— DATA PROVIDED —
● ● ● ● ● ● ●
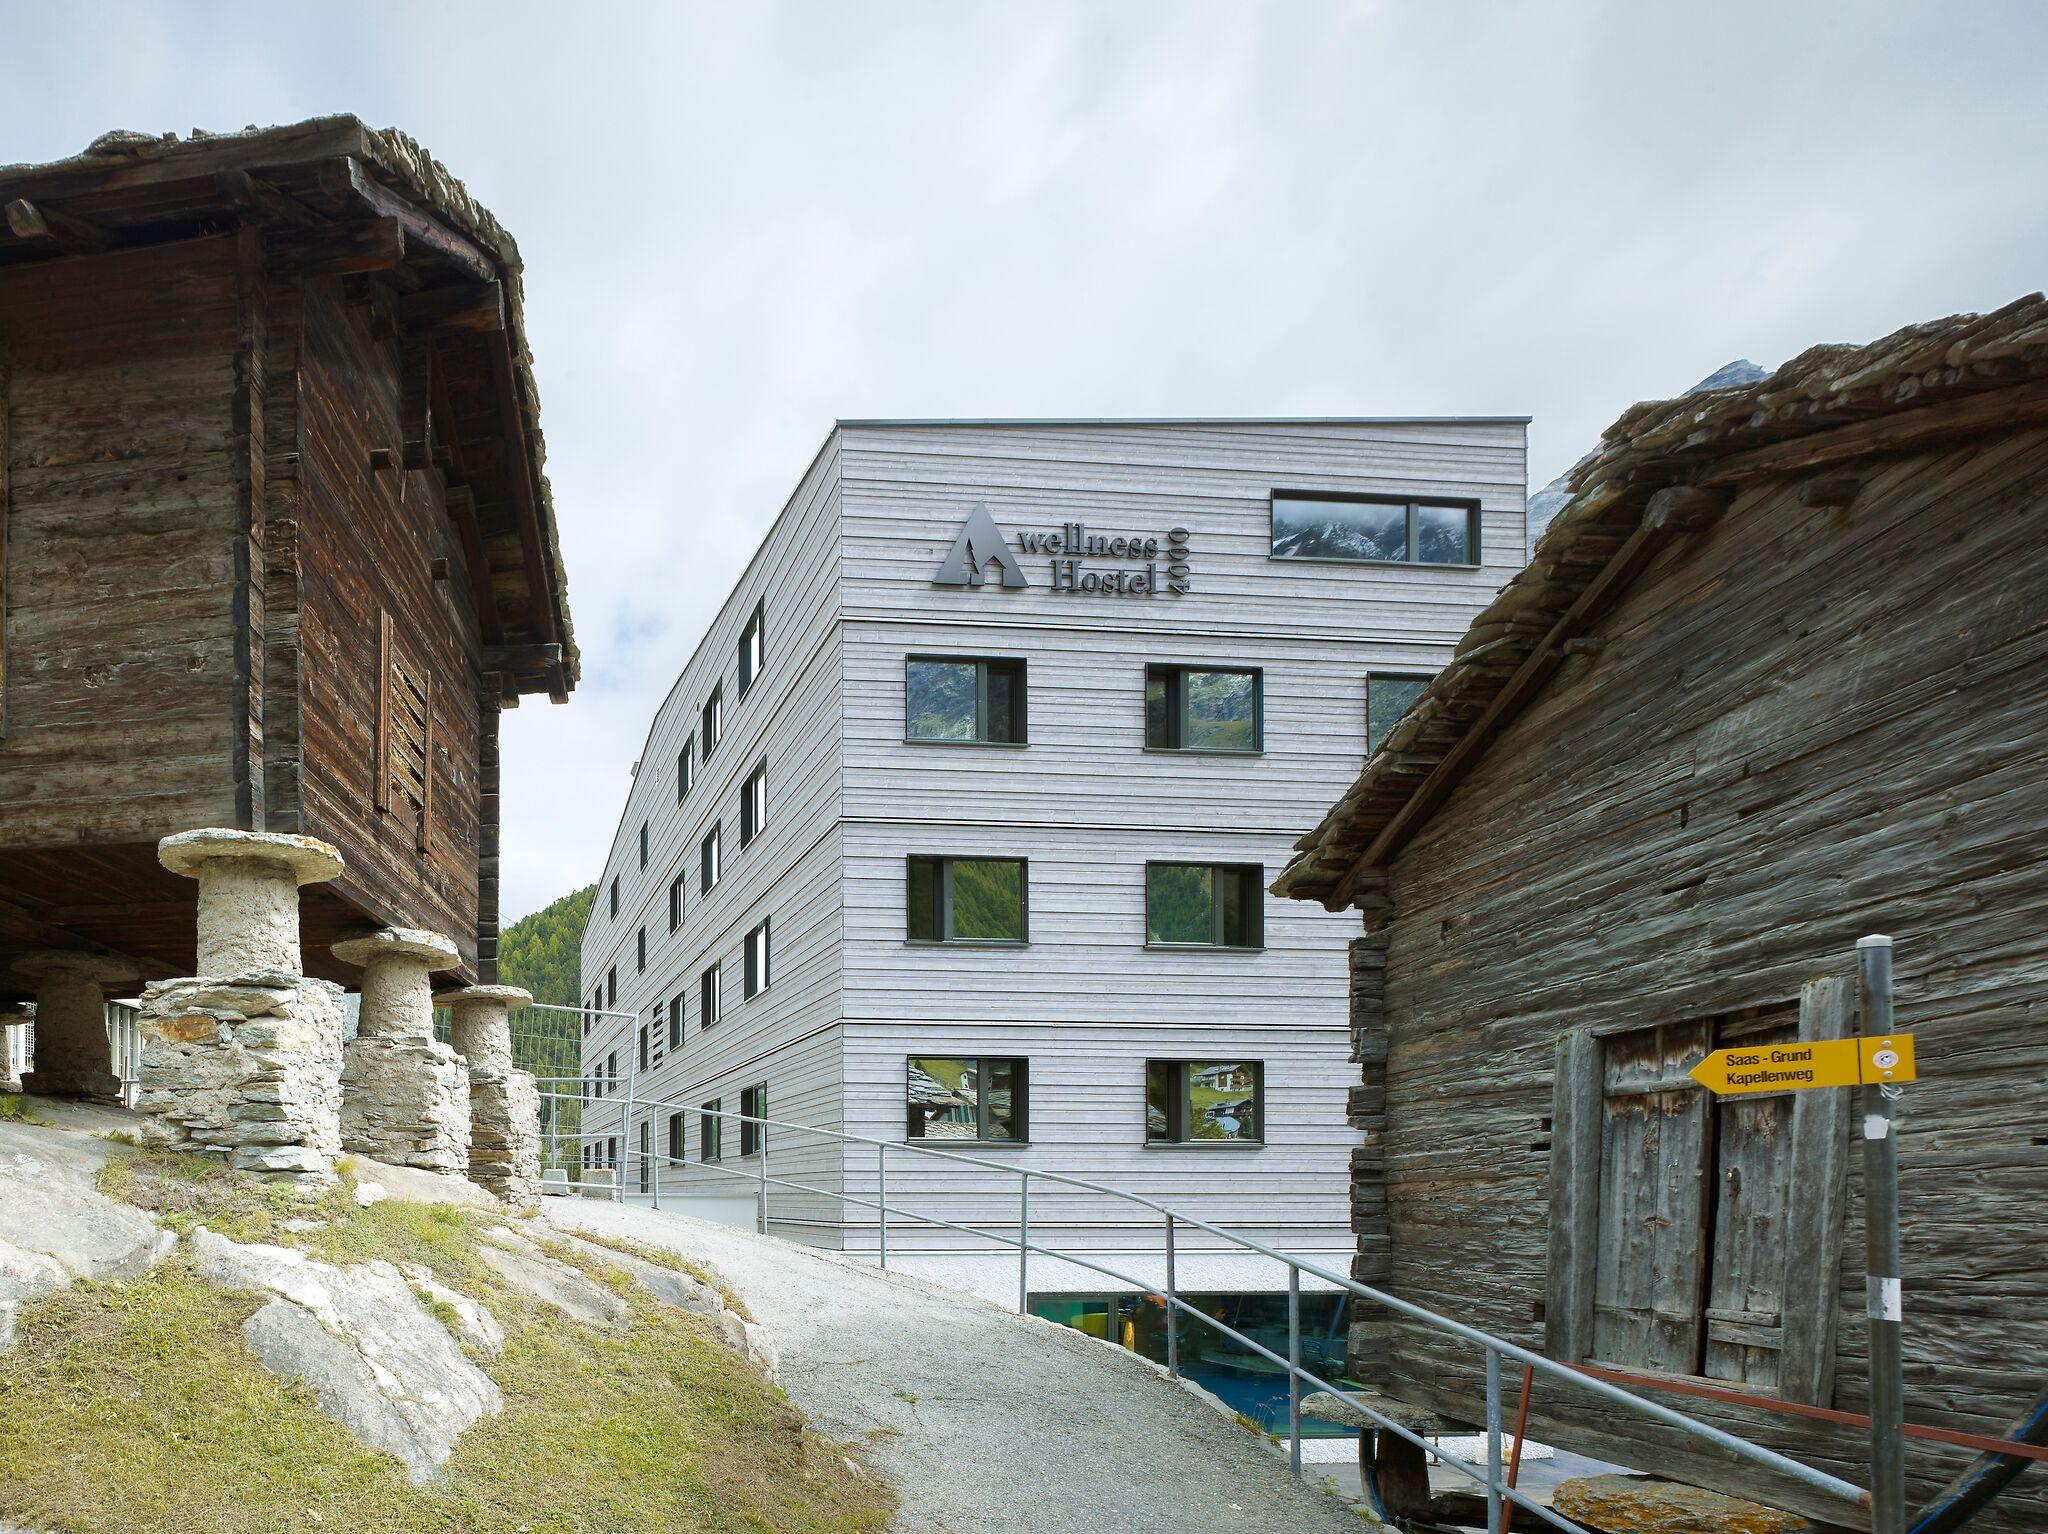 Außenansicht des wellnessHostel4000 , Foto: primcom Schweiz
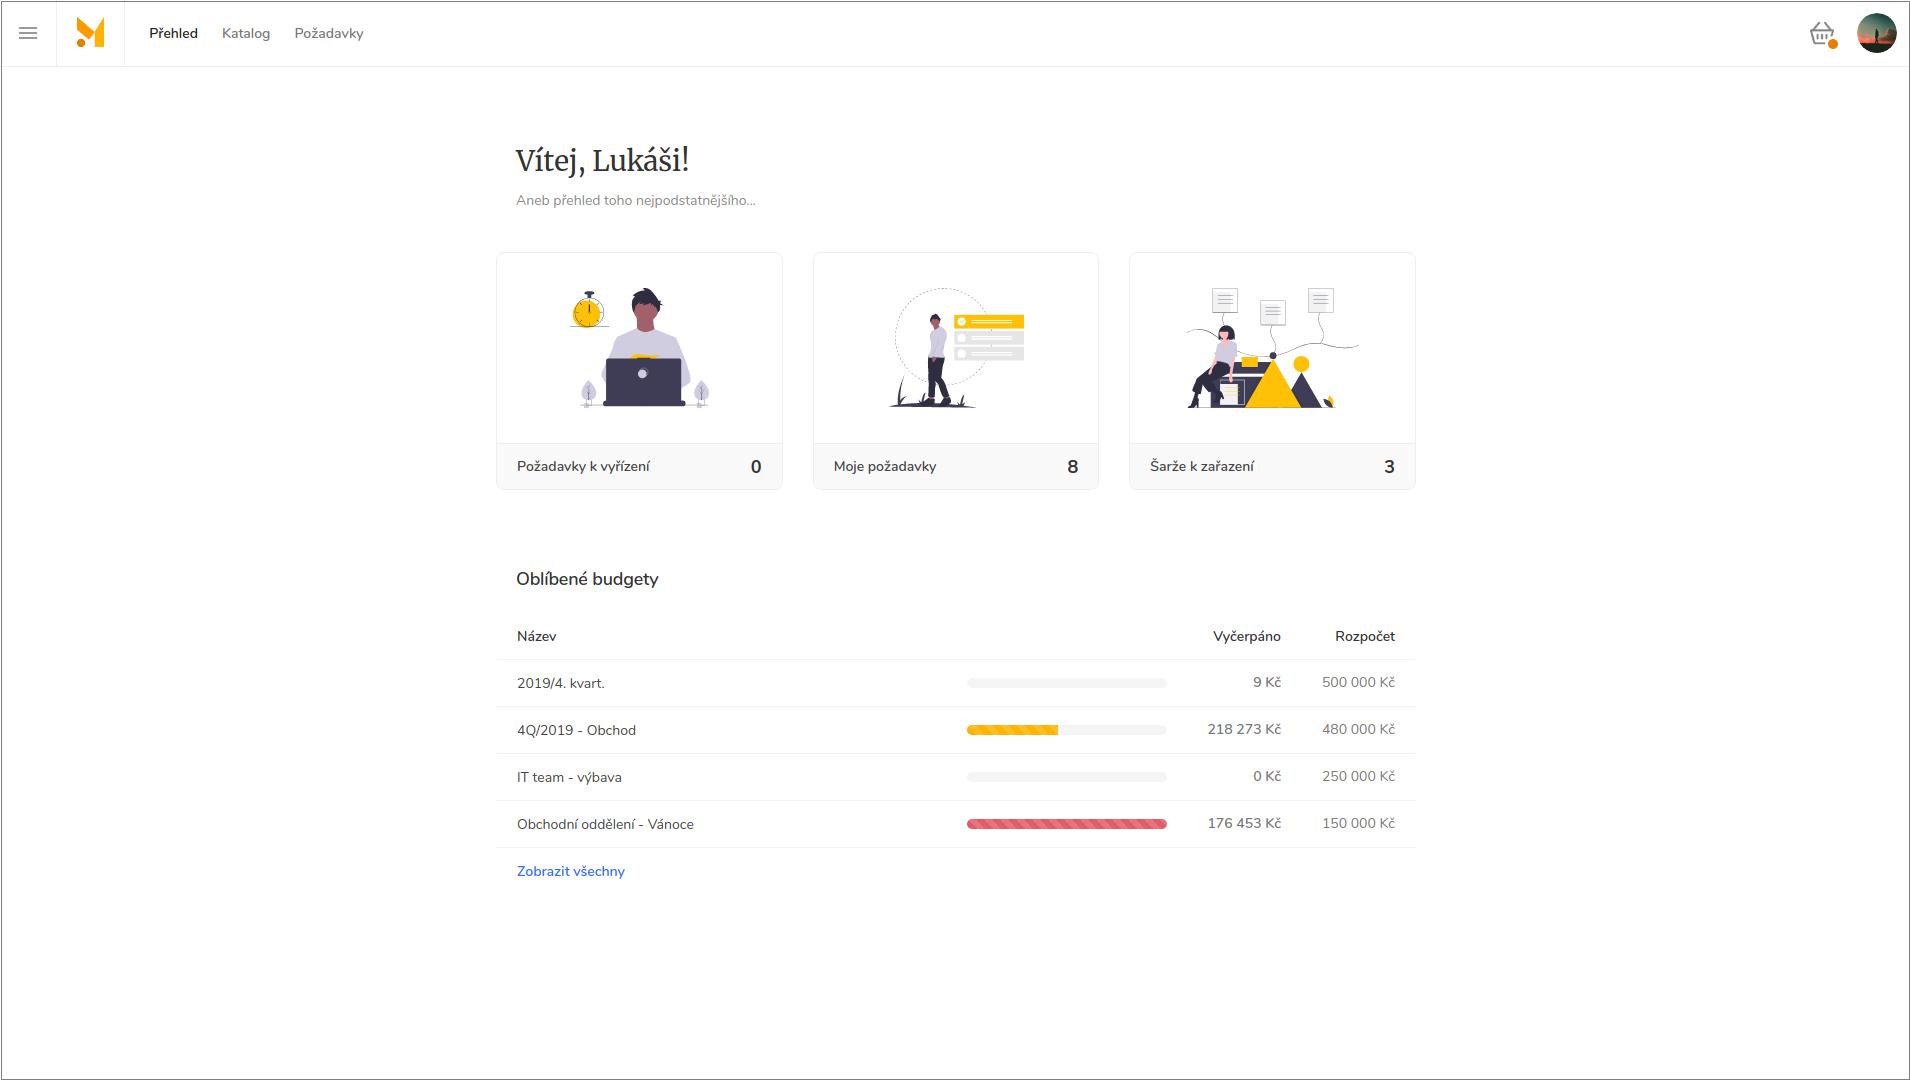 Úvodný dashboard ukazuje prehľad najdôležitejších informácií - čerpanie z nadefinovaných budgetov, požiadavky na vybavenie, nové položky v katalógu, a pod.
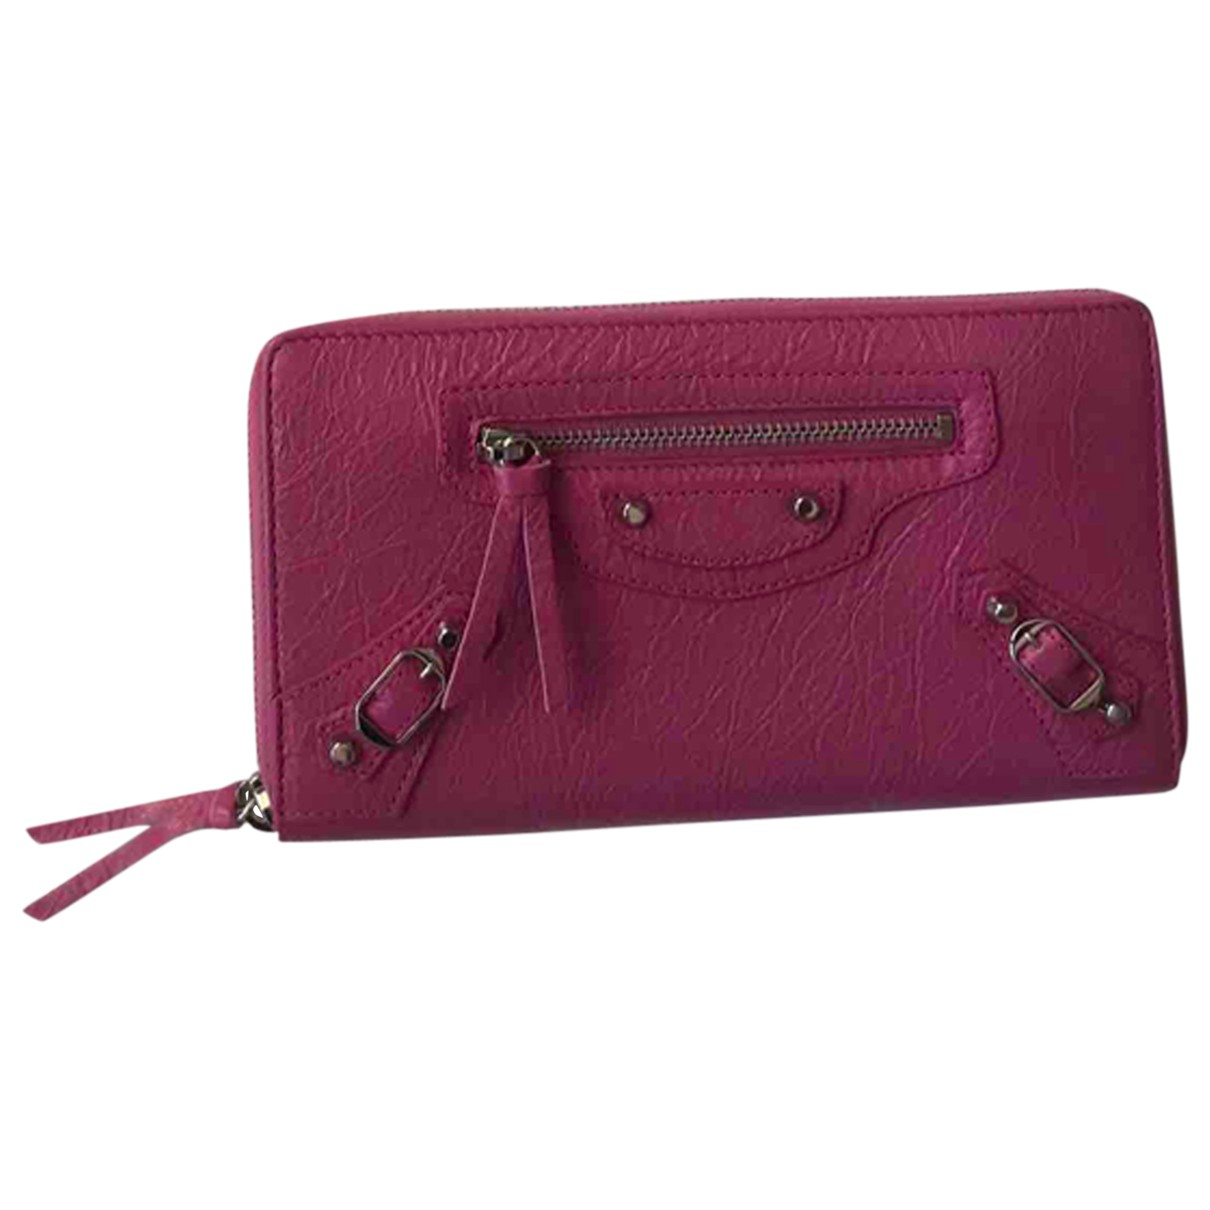 Balenciaga - Portefeuille   pour femme en cuir - rose
● ● ● ● ● ● ●
— WORK INSTRUCTION —
Restate word for word only the lines from the one with "Úvodný dashboard ukazuje" through the last line of the material, both included. Any picture should be left out.

— RESPONSE TO THE EXERCISE —
 Úvodný dashboard ukazuje prehľad najdôležitejších informácií - čerpanie z nadefinovaných budgetov, požiadavky na vybavenie, nové položky v katalógu, a pod.
 Balenciaga - Portefeuille   pour femme en cuir - rose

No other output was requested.